Alpha surface, stable primitives
chio-federation crate. The handshake envelope schema is pinned at chio.federation-kernel-handshake.v1, and the co-signed receipt schema at chio.federation-dual-signed-receipt.v1. Production transports around those primitives (long-lived mTLS peers, persistent peer stores) are expected to mature further; the wire formats are frozen.Why Federate
A single chio deployment already produces signed receipts and enforces local policy. Federation answers a different question: when an agent in Org A invokes a tool hosted by Org B, can both sides independently verify what happened, and can either side deny a forged receipt later?

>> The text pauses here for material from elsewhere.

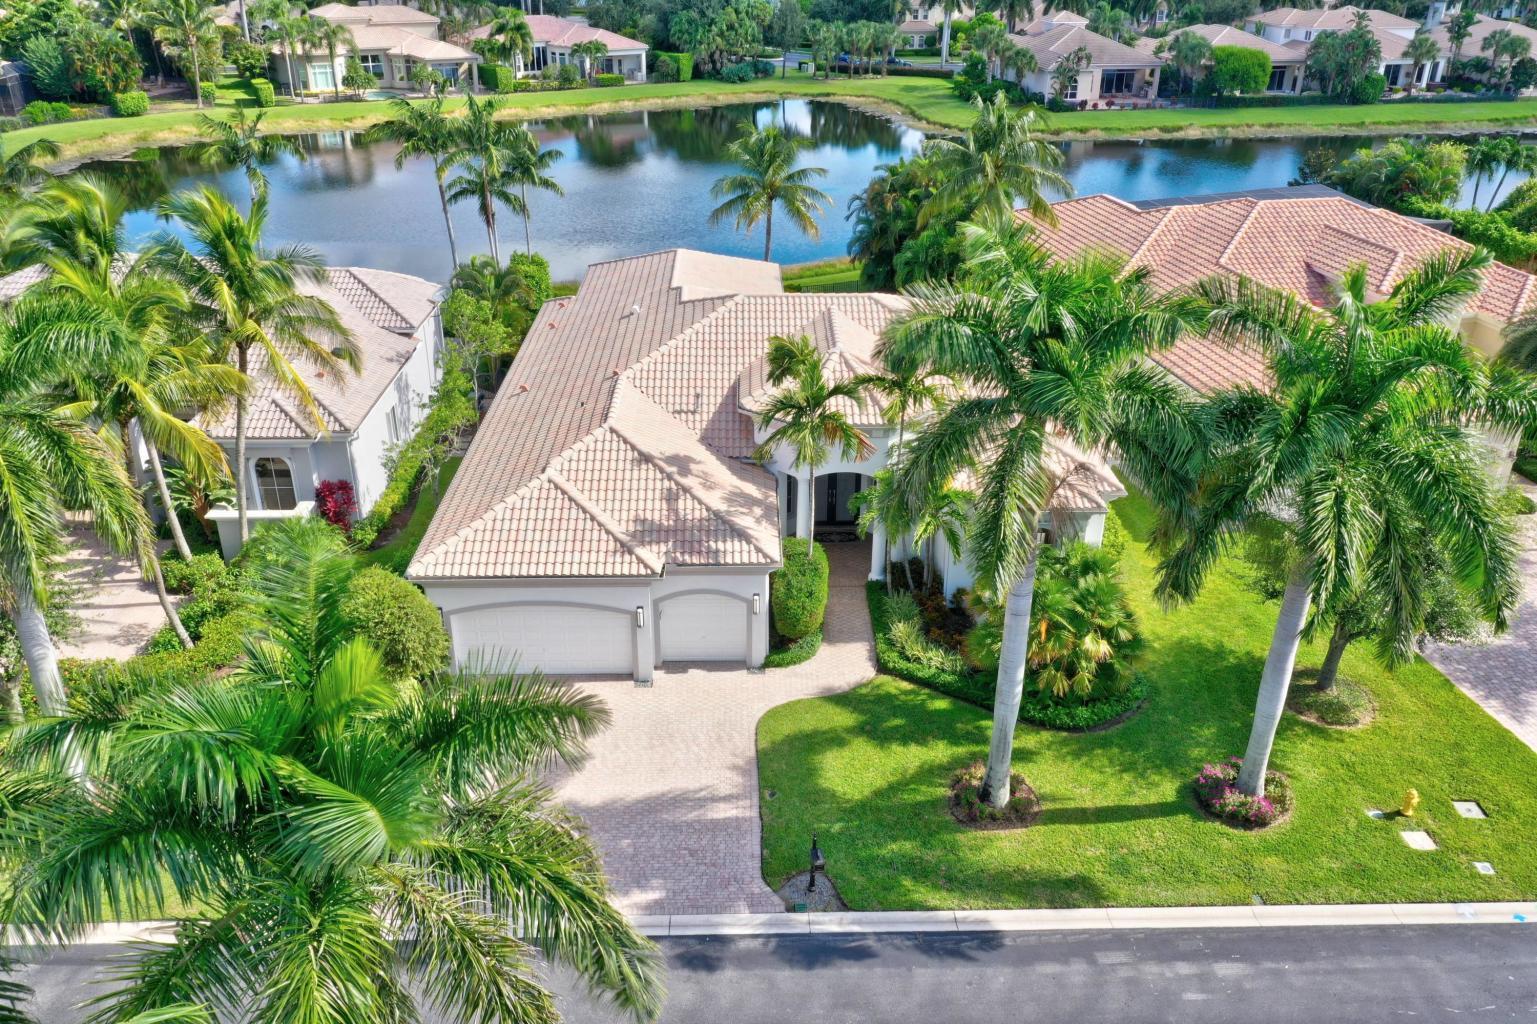 214 Via Emilia, Palm Beach Gardens, Florida 33418, 4 Bedrooms Bedrooms, ,4 BathroomsBathrooms,F,Single family,Via Emilia,RX-10612288

The handshake this guide covers is the trust anchor beneath that cross-org story. Before you can federate passports, share evidence, or co-sign receipts, each kernel needs to know the other's signing key, by hash, pinned locally, and refreshed on a bounded rotation window. See Federation Overview for the surfaces that sit on top of this primitive.
Prerequisites
Before either operator runs a handshake, both sides need three things in place:
- A kernel signing keypair. Each operator already holds an Ed25519 keypair that signs receipts. The handshake pins the public half of that key on the remote side, so the keys you pin are the keys that sign cross-org receipts.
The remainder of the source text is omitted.